The code is almost identical. The difference is that under load — say, a Phoenix LiveView dashboard with 5,000 concurrent users where every WebSocket event calls enabled?/2 — the GenServer version queues. The ETS version does not. For a feature-flag check that happens on every request, this is the difference between adding 0.05 ms of latency or 30 ms of latency at the 99th percentile.

Common Pitfalls

Reaching for ETS by reflex. Not every shared state needs it. If you have a single GenServer that handles a few hundred requests per second and the state fits in its heap, leave it alone. ETS adds complexity — ownership, atomicity gotchas, eviction — that is not worth paying for sub-bottleneck workloads.

Forgetting that writes still go through one process. The cache pattern speeds up reads. Writes still funnel through the owner.
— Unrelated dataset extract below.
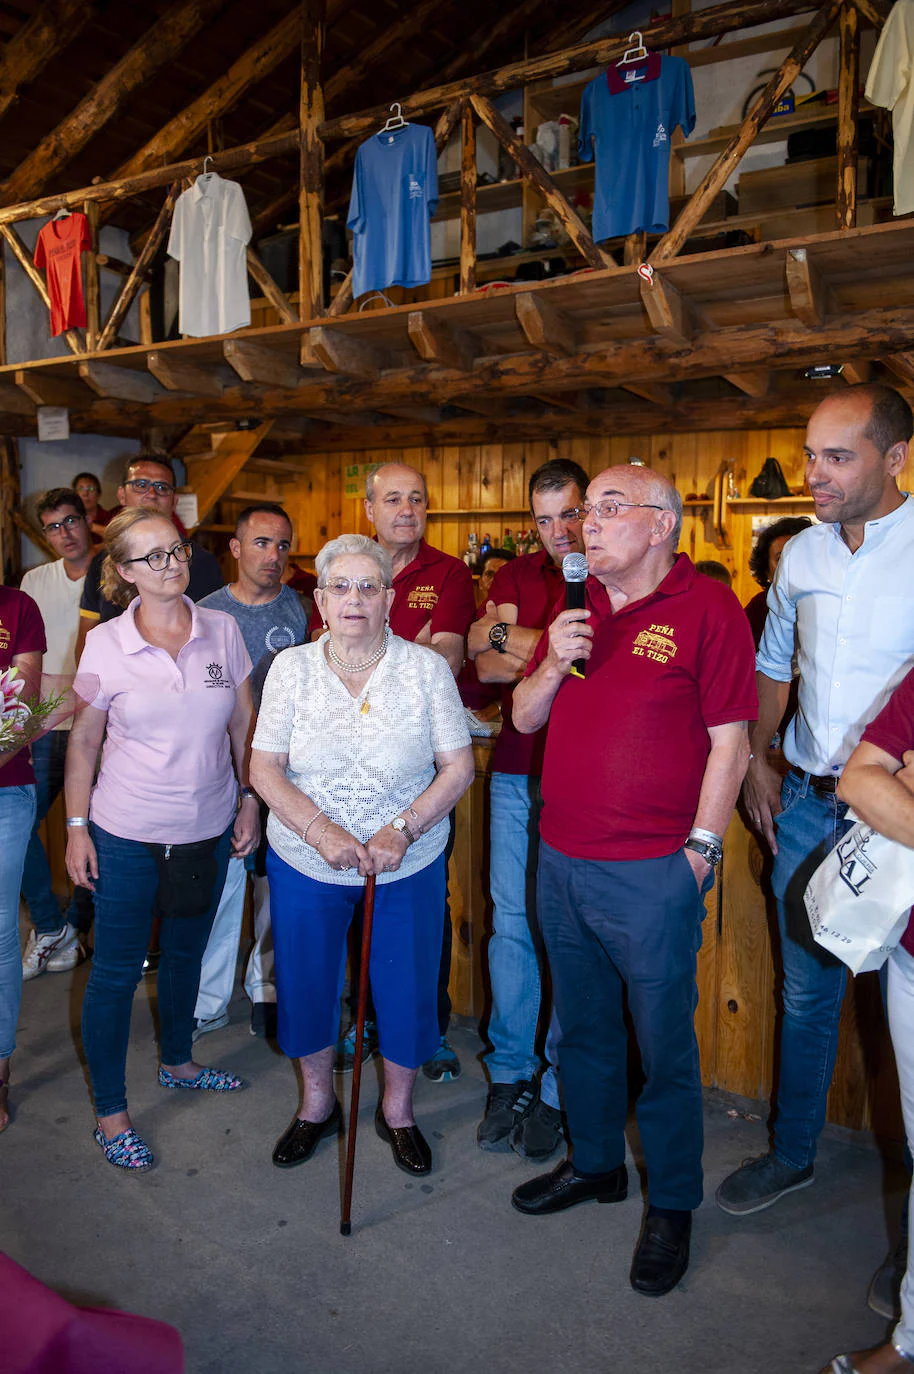 Fotos: Comida homenaje a los jubilados en las fiestas de Valsaín

If your workload is 80% writes and 20% reads, ETS does not help much, and you probably want sharding or a different design altogether.
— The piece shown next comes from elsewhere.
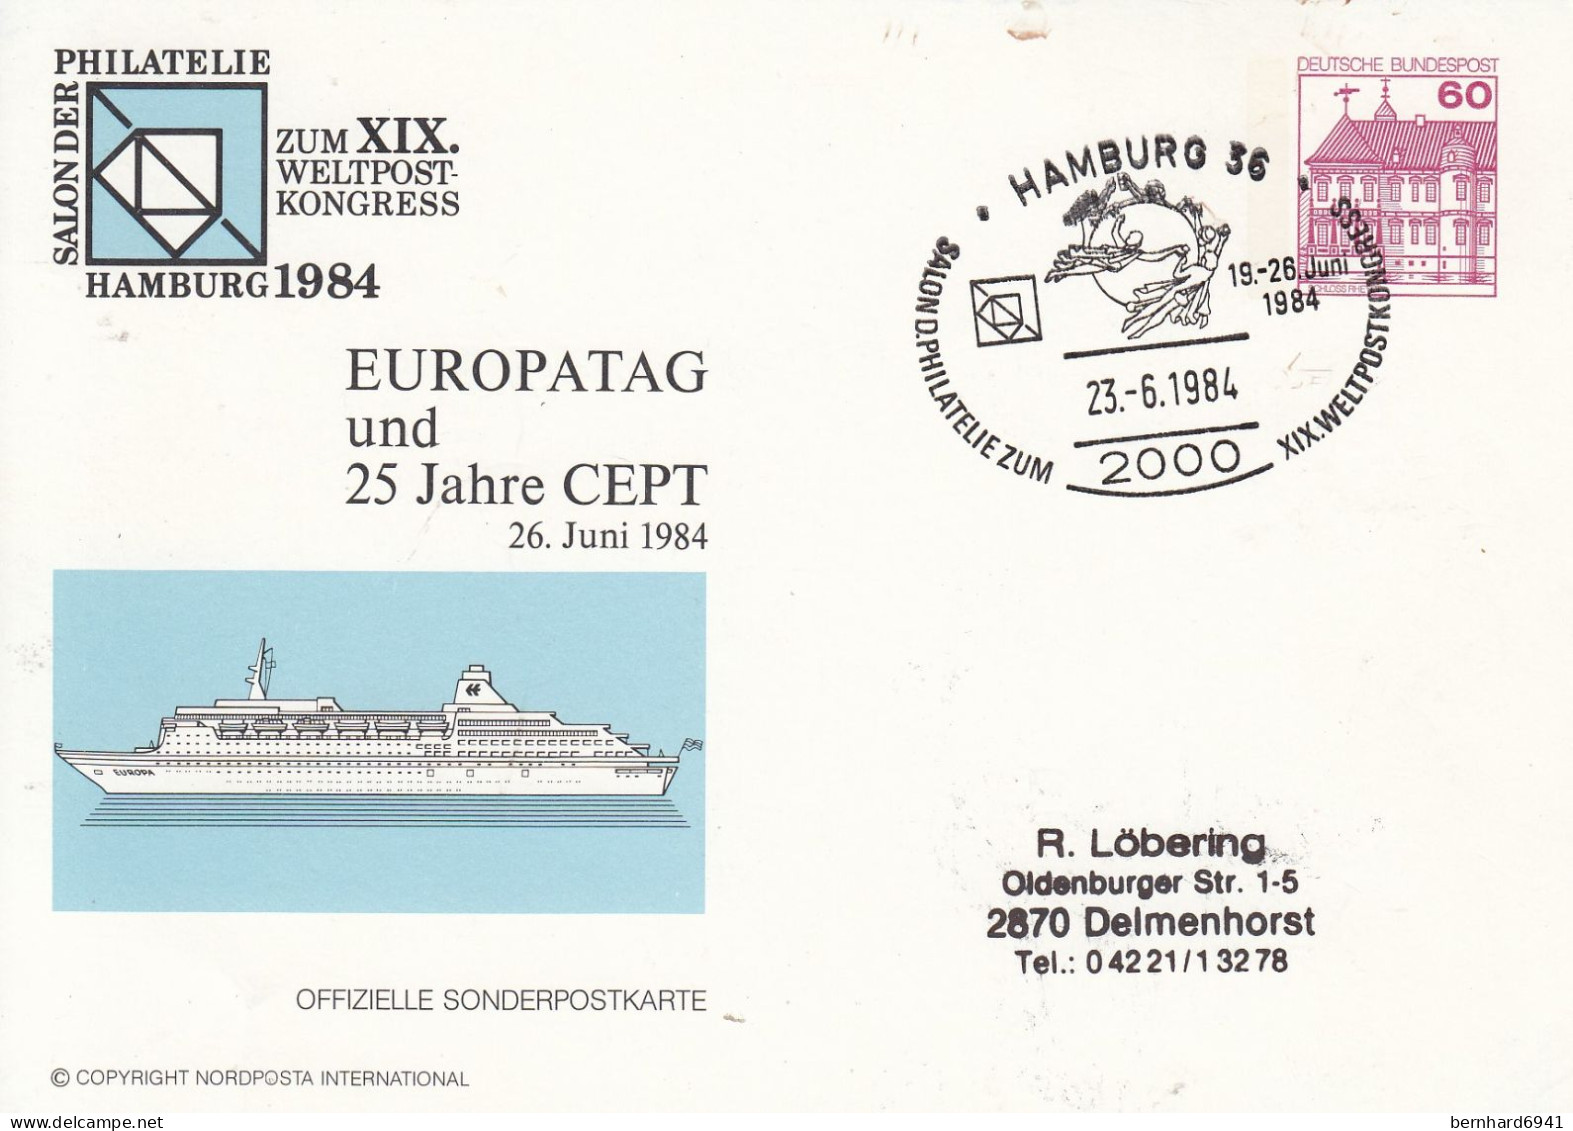 PP 106/143aSalon Der Philatelie Hamburg 1984 - EUROPATAG Und 25 Jahre CEPT, Hamburg 36 - Privatpostkarten - Gebraucht

Mixing direct ETS writes with GenServer-mediated writes. Pick one. If most writes go through the GenServer but a few "fast path" writes go directly, you have two writers racing, and now your "owner" is not really an owner. Consistency falls apart at the seams.

Using GenServer.call to read from ETS. You see this a lot in code reviews: someone wraps the ETS read in a handle_call. The whole point of ETS is to skip the GenServer on reads. If you are calling through, you have the worst of both worlds — the GenServer bottleneck plus the ETS complexity.

Not handling the table's death. If the owner crashes, the table goes with it. Reader processes that cached the table name will get ArgumentError on the next call. Either use heir: to transfer ownership on death, or accept that crashes wipe the cache (often fine — the supervisor restarts the owner, the table is recreated, the cache warms up again).

Key Takeaways

  • A GenServer serializes everything through one mailbox. ETS does not. For read-heavy shared data, ETS is dramatically faster because reads run in parallel without copying.
  • The canonical cache pattern: one GenServer owns the table and handles writes; everyone else reads directly. Phoenix, Plug.Session.ETS, Cachex, and ConCache all do this.
  • ETS gives up atomic multi-key updates. Use update_counter or update_element for atomic single-key writes; funnel through a GenServer for anything that spans keys.
  • Keep state in the GenServer when writes dominate, when invariants span the whole structure, or when you want supervisor-level reset on crash.
  • For very high write throughput, shard across N owners with :erlang.phash2(key, n). Discord runs this pattern at massive scale.
  • Never wrap an ETS read in GenServer.call — that defeats the entire point. Read directly from the caller's process.